*Task to carry out*
Nothing outside the stretch is wanted. Repeat exactly the lines of the listing below from the one that contains "El plan ha sido" through the one that contains "logo design template", both ends included.

*Data under study*
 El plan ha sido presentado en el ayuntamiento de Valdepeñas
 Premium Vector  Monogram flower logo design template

* * *

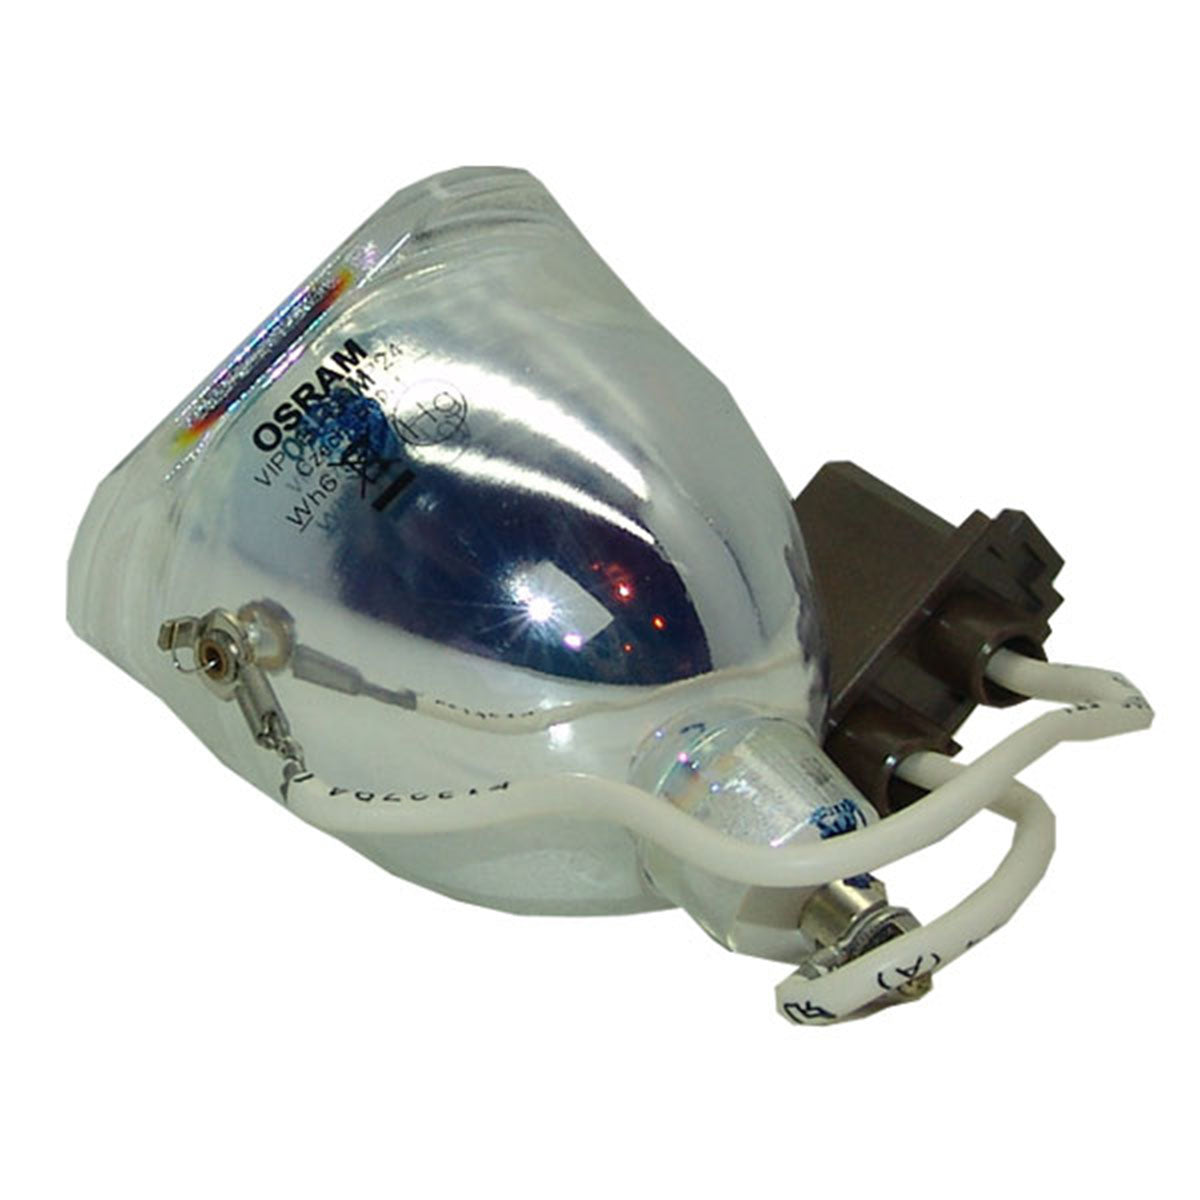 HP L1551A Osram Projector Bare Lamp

...

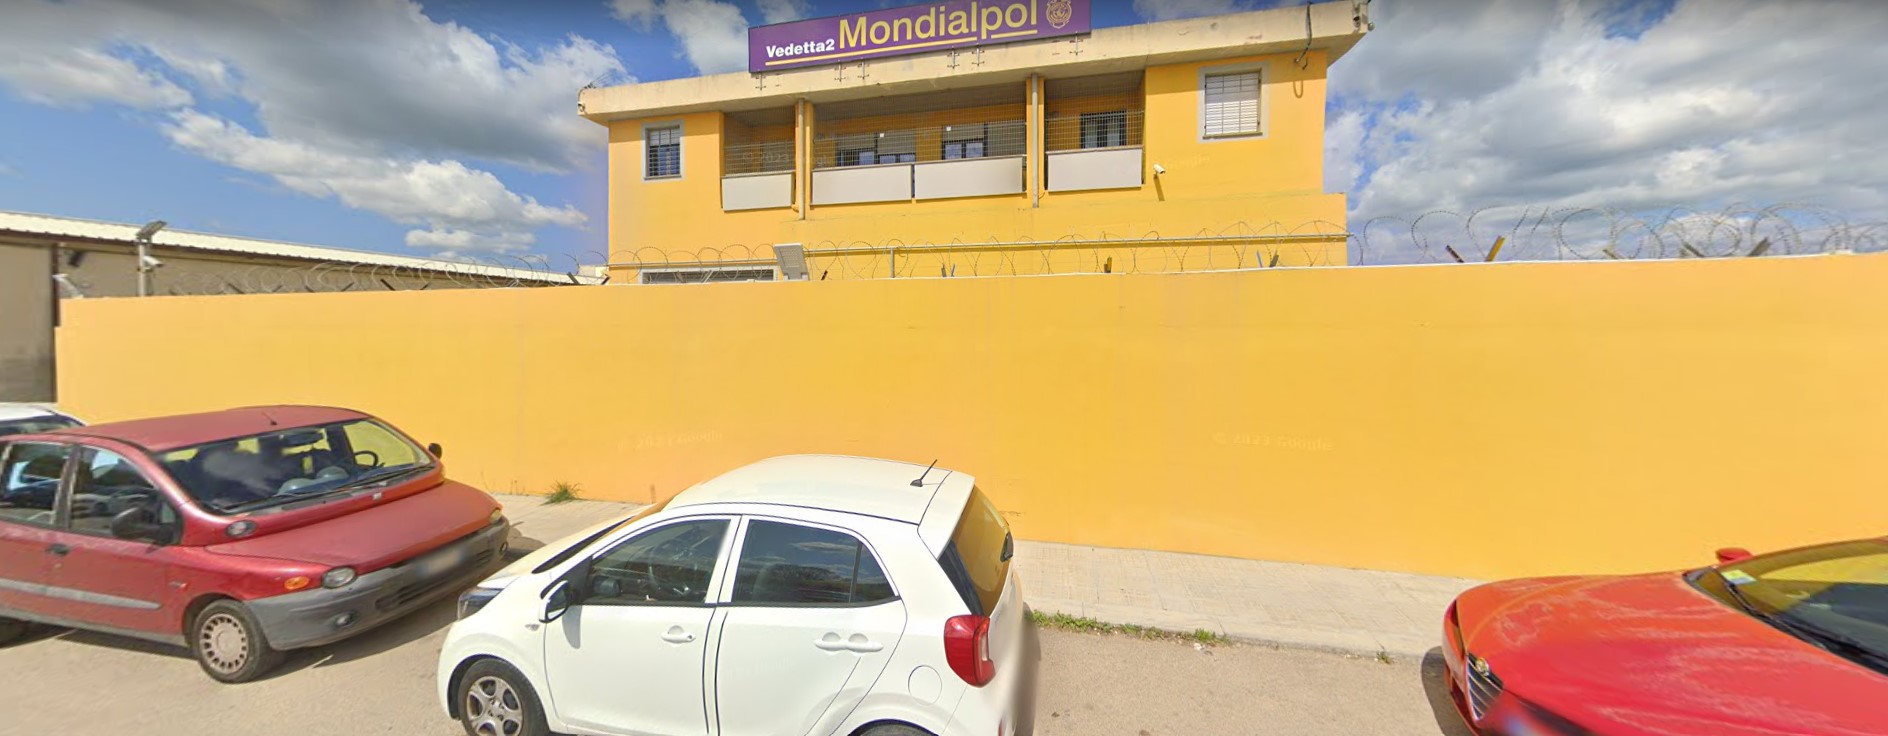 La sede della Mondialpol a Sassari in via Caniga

*Written solution*
 El plan ha sido presentado en el ayuntamiento de Valdepeñas
 Premium Vector  Monogram flower logo design template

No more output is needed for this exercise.